▸ PROMPT
Give all of the listing again word for word, with images excluded.

▸ GIVEN INFORMATION

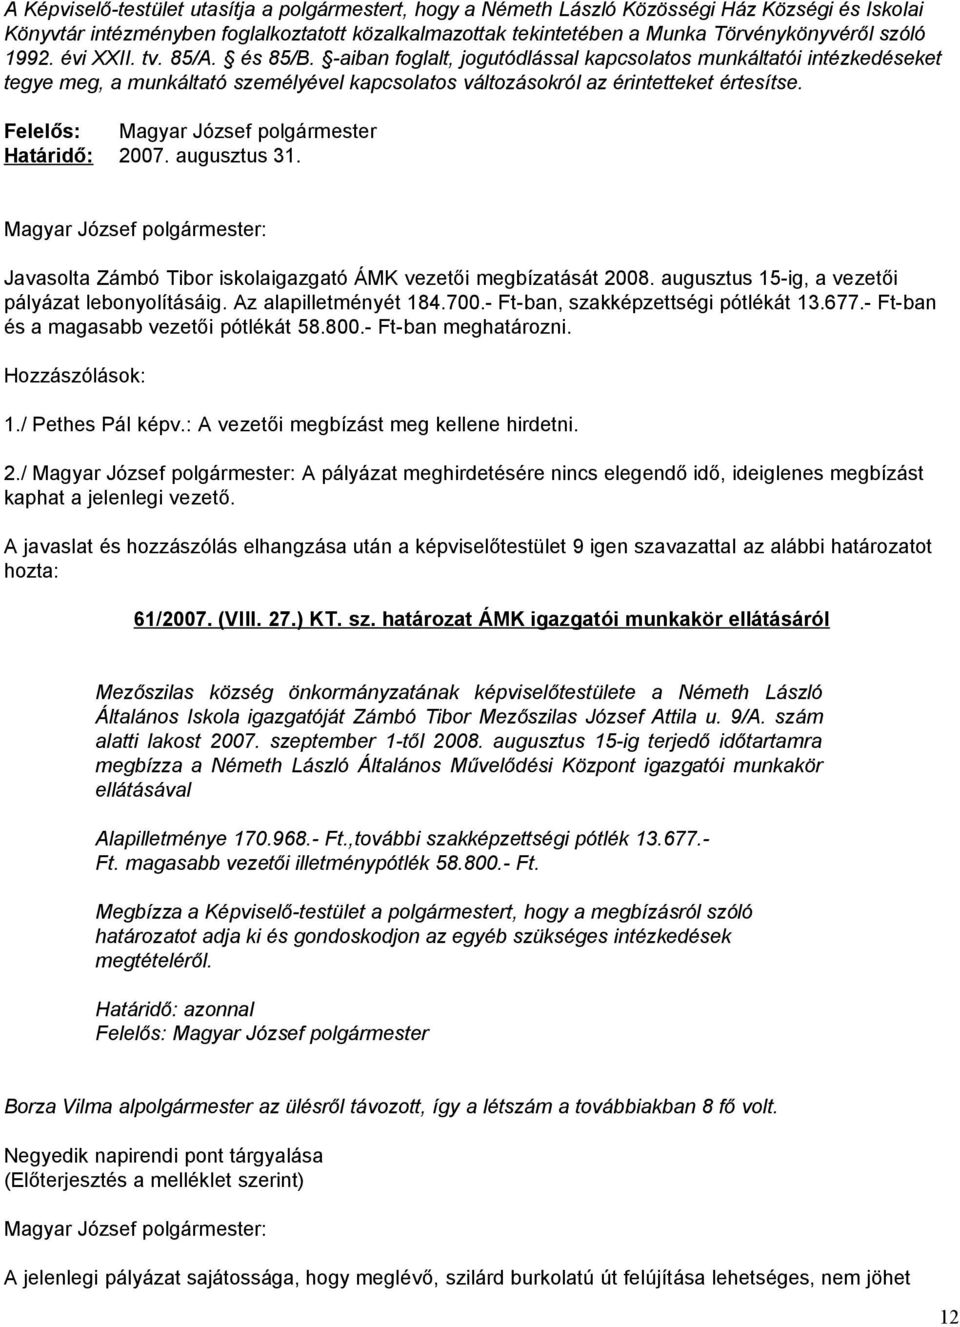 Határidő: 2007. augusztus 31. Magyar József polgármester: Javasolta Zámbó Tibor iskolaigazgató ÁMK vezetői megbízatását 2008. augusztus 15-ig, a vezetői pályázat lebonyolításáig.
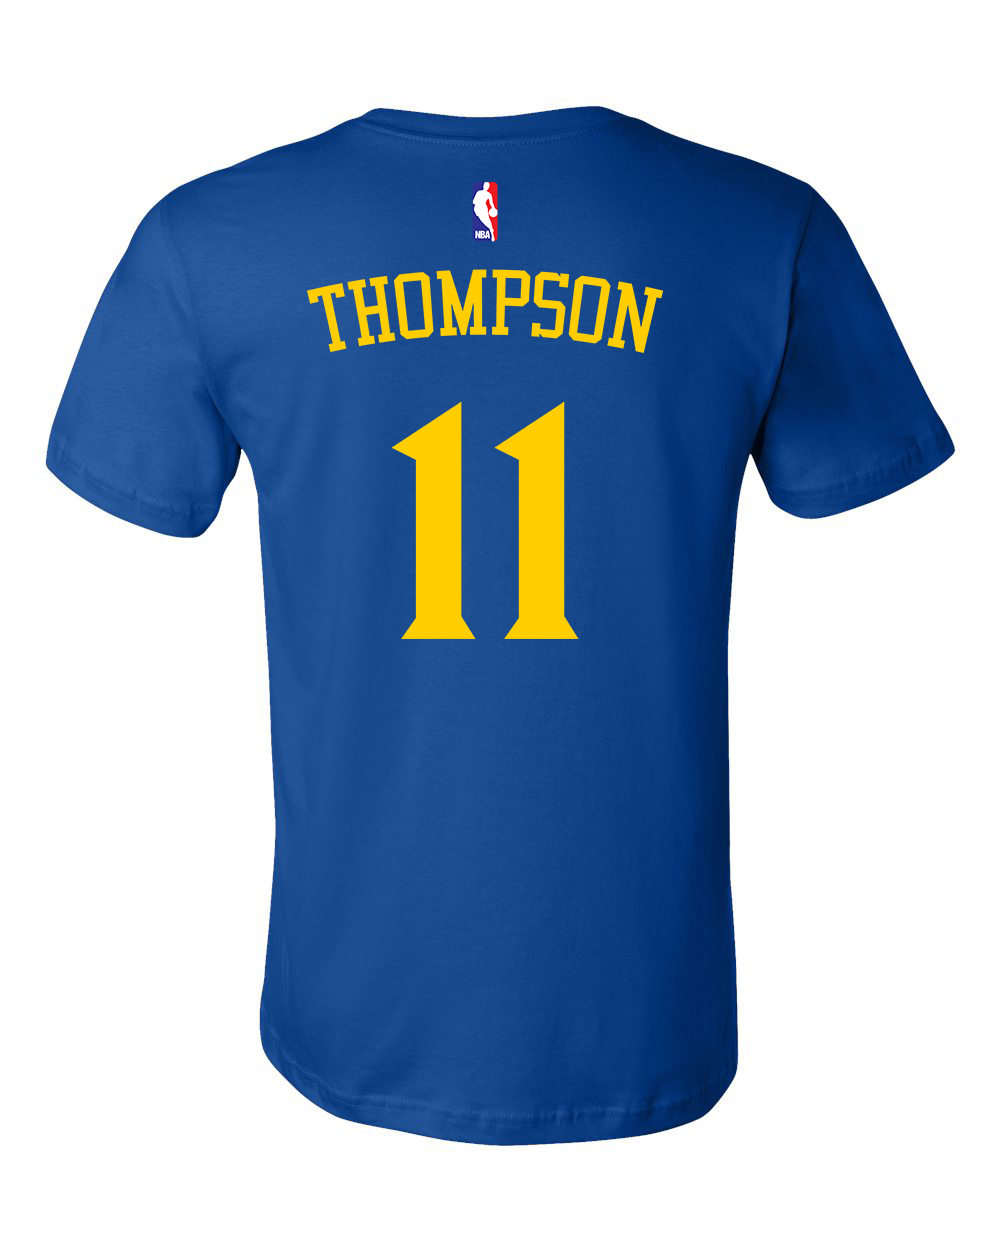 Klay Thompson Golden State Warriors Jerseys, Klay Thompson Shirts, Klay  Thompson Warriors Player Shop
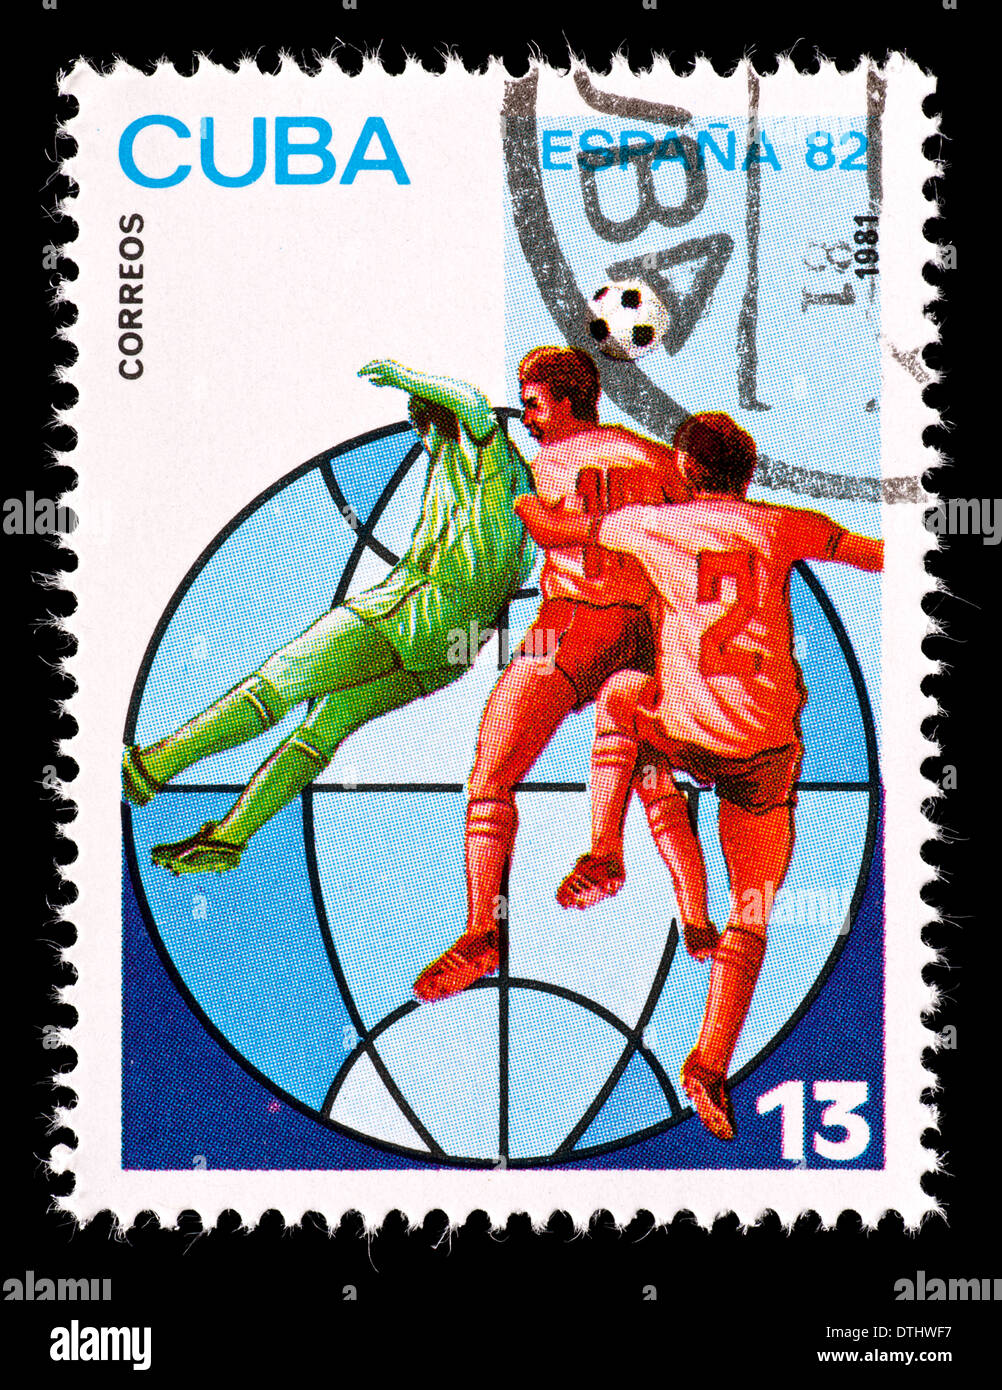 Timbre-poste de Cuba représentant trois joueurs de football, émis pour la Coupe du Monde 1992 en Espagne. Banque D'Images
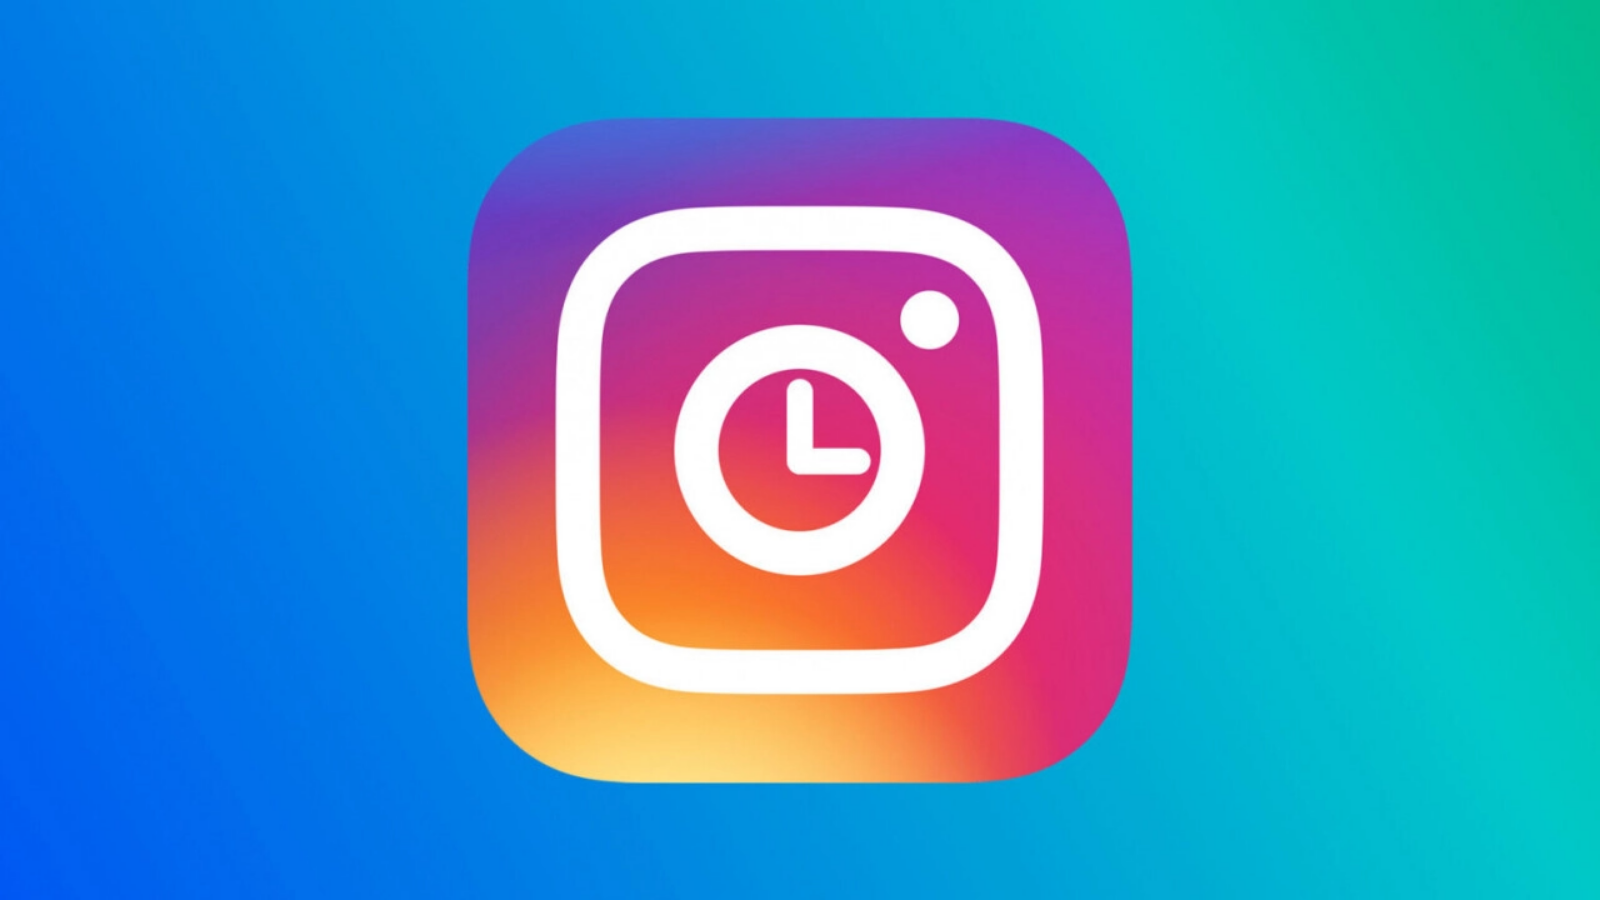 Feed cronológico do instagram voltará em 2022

▸ EXERCISE RESULT
 Határidő: 2007. augusztus 31. Magyar József polgármester: Javasolta Zámbó Tibor iskolaigazgató ÁMK vezetői megbízatását 2008. augusztus 15-ig, a vezetői pályázat lebonyolításáig.
 Klay Thompson Golden State Warriors Jerseys, Klay Thompson Shirts, Klay  Thompson Warriors Player Shop
 Timbre-poste de Cuba représentant trois joueurs de football, émis pour la Coupe du Monde 1992 en Espagne. Banque D'Images
 Feed cronológico do instagram voltará em 2022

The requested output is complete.